Il résonne dans ma tête. Il prend toute la place, tellement que je n'ai plus la mienne dans ma propre vie. On m'a volé ma vie. Et le voleur cours toujours au gré du vent, il part voler chez d'autres gens, tout l'amour et tout le bonheur qui emplit cette planète. Il part en grand conquérant, pour laissez dans son sillage que des perdants et des blessés de guerre. Je suis une estropiée du coeur, une grande brûlée de l'âme au service de l'hôpital. Je deviens petit à petit une malade mentale. Et je serais frappée par une maladie neurodégénérative du tissu cérébrale comme Alzheimer parce que mon cerveau aura décidé qu'il a trop mal pour devoir se rappeler de ces souvenirs douloureux. L'où chaque caresse et chaque baiser, se métamorphose et se transforme en une lame sanglante de boucher terriblement bien aiguisée pour frapper là où ça fait mal. Une autre tête sombre humblement devant lui. Tout ça est dans ma tête, mes pensées s'enroulent entre elles pour partir dans tous les sens. Elles tournent et tournent encore, me donnent le tournis et me donnent envie de vomir mon après-midi. Cette puanteur fétide qui se dégage de mon coeur qui commence à pourrir malgré lui. Tout ça est dans ma tête, et mes pensées s'emmêlent à nouveau. Elles vont aussi vite qu'un cyclone, une tempête terrible qui souffle et qui ravage tout sur son passage. Dans ma tête c'est la tornade, la boite qui rencontre l'allumette à côté des bombonnes de gaz. C'est l'explosion nucléaire dans mon être. Mon coeur est une bombe sur le point d'exploser. Ca va me saignez les vaines et les déchiquetés avec des bouts de verres infimes qui feront si mal... Si mal ...
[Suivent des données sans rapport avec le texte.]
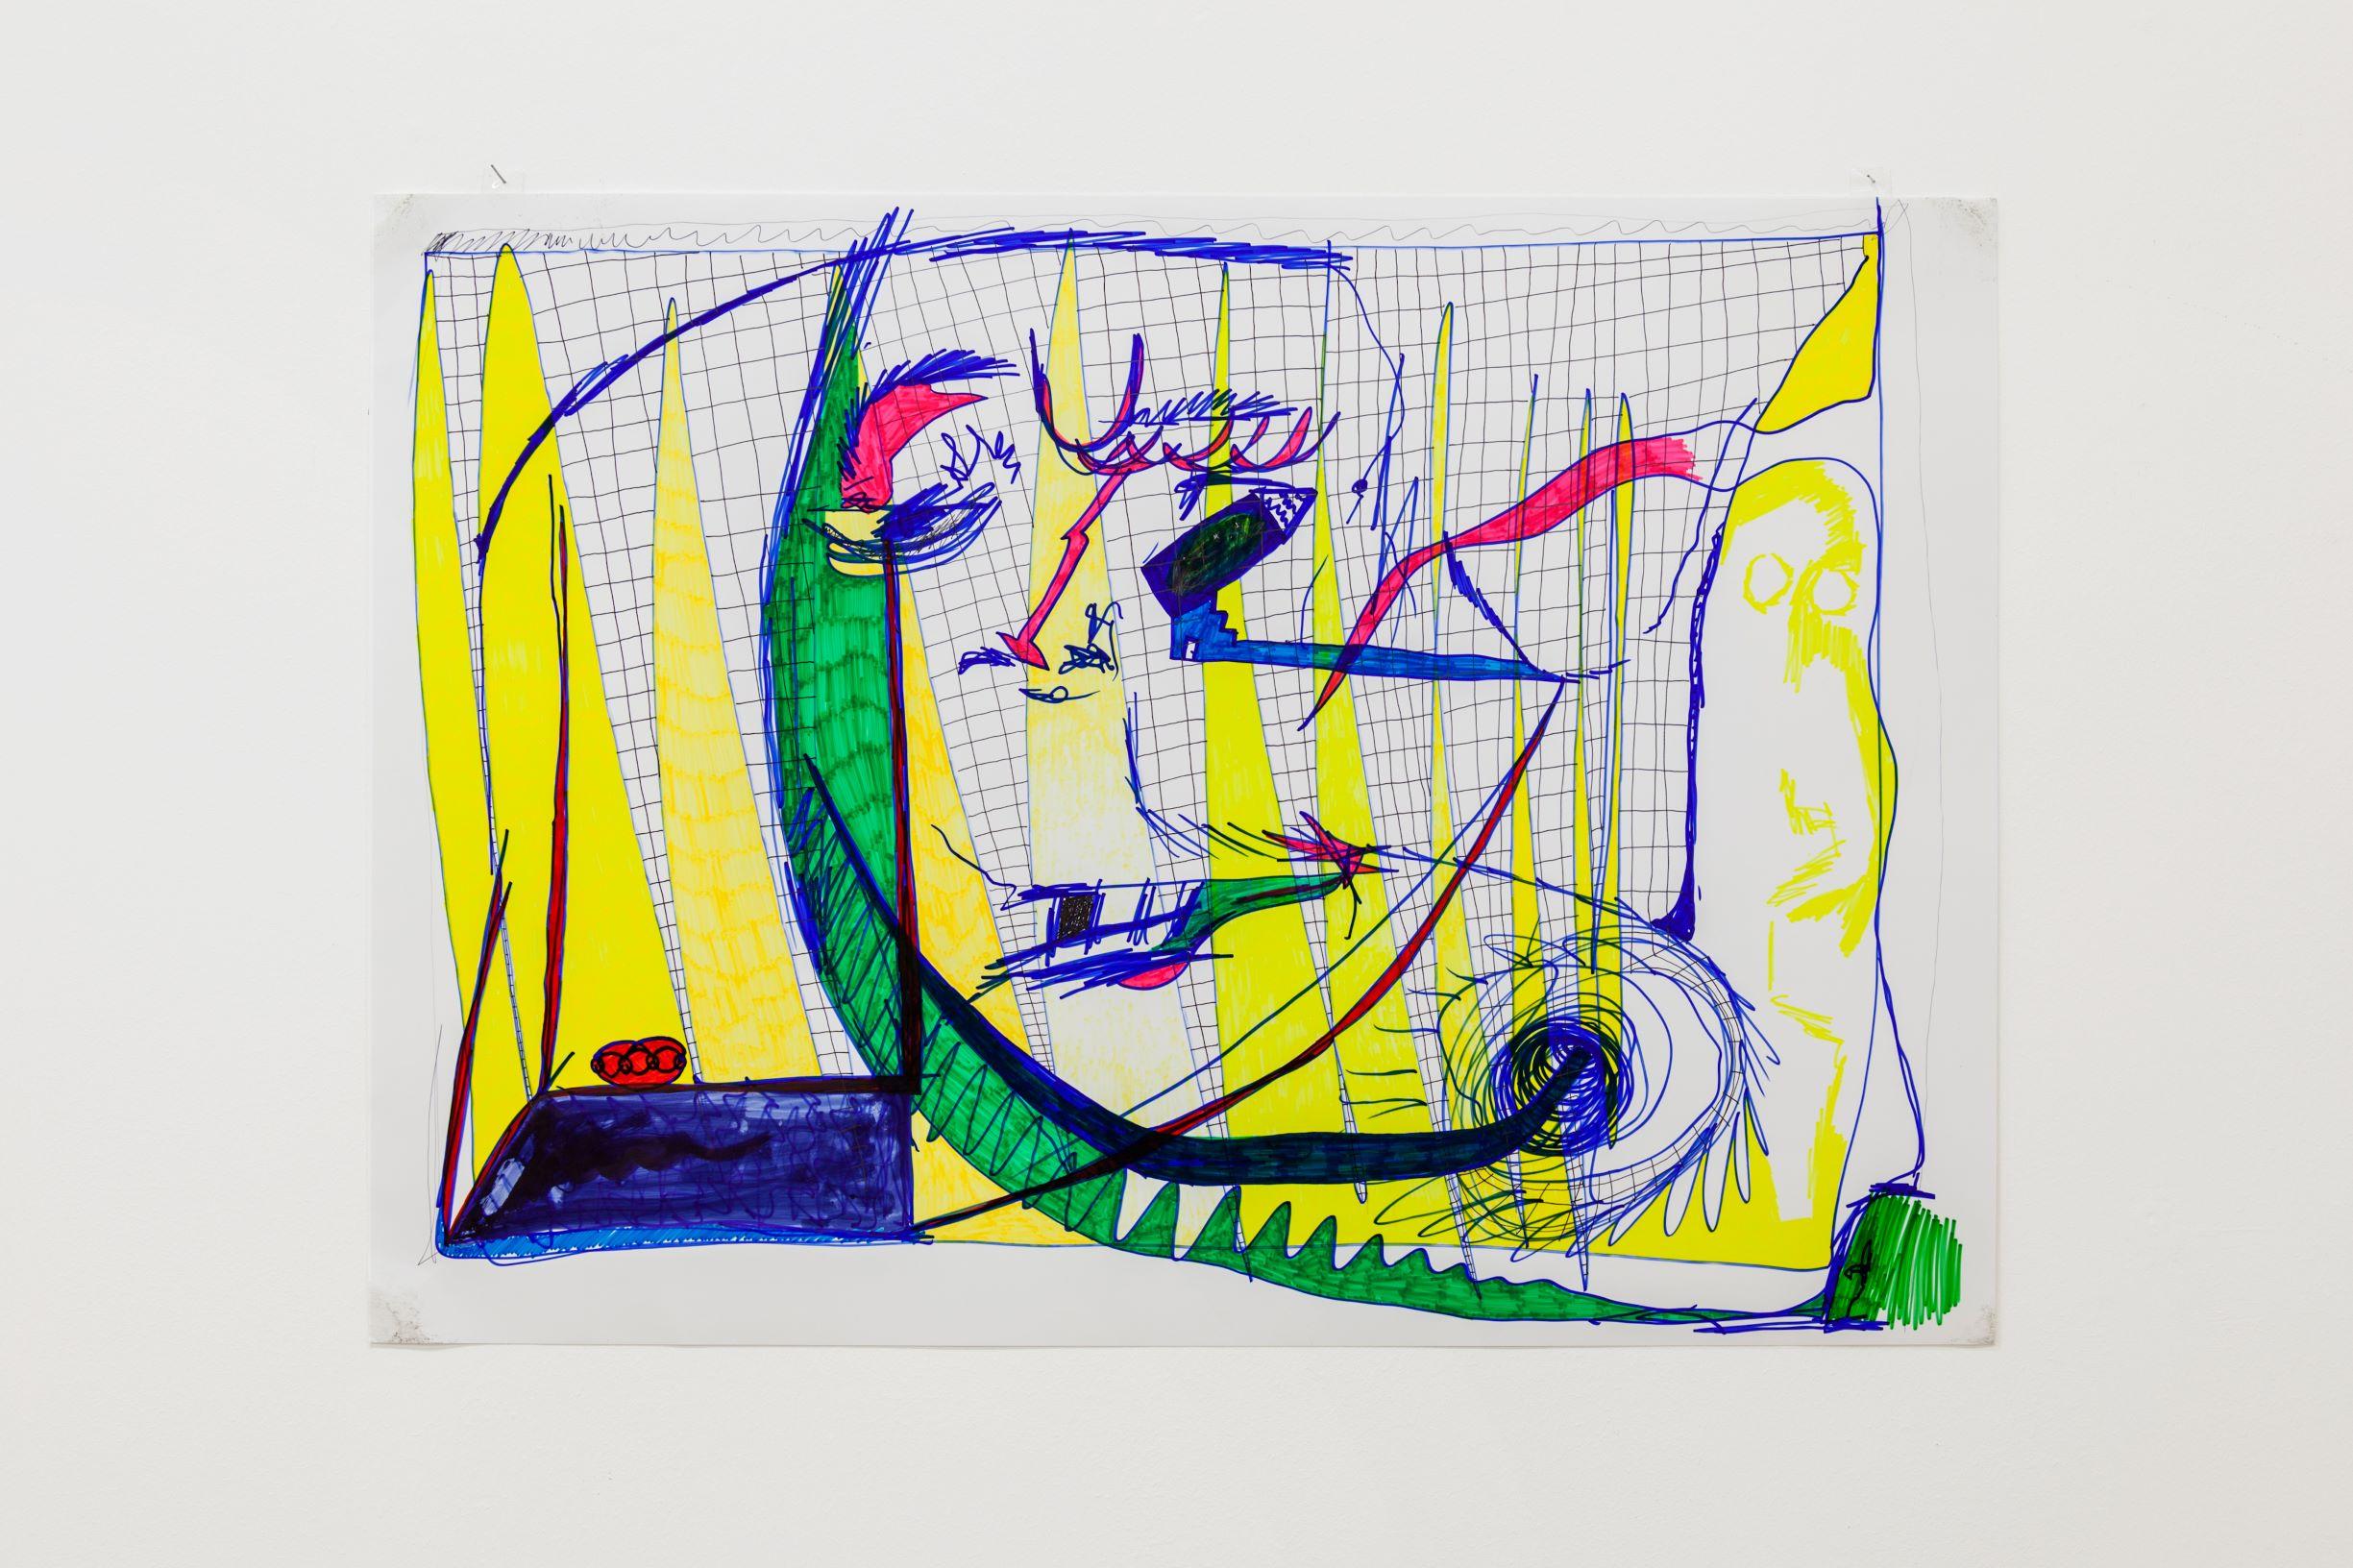 SCRIPTS, Linda Semadeni, Kirchgasse ©Björn Allemann, Erinnerung ans Hirn, 2019, Marker on photo paper, 42 x 59.5 cm.

Pourtant il me faut relever le buste, levez le poing en l'air et continuer d'attendre que le temps passe. Peut-être continuer d'attendre jusqu'au bout pour que tu me reviennes mais j'en paye le prix. Je t'ai tellement attendu. Mais hier c'était la fin du monde, sans rage, sans larmes et sans cri. Je t'ai laissé partir, je t'ai laissé décidé sans jamais m'interposer, comme toujours. C'était toi le meneur, tu l'es encore. Constamment, chaque jour depuis la fin du monde.
Même devant les rayons de l'hypermarché du coin, je ne me dis pas de quoi j'ai besoin. Je me demande juste qu'est-ce que toi tu aurais pris ? Plutôt ceci comparé à cela, je sais que tu aimes ça, là, plutôt que le bidule du fond avec l'étiquette rouge et verte. Je connais tout de toi et maintenant que tu es parti je vis comme une ombre, l'ombre d'un fantôme qui a pris son envol.
Mais je t'attendrais jusqu'au bout.
Jusqu'à ce que la mort vienne me délivrer.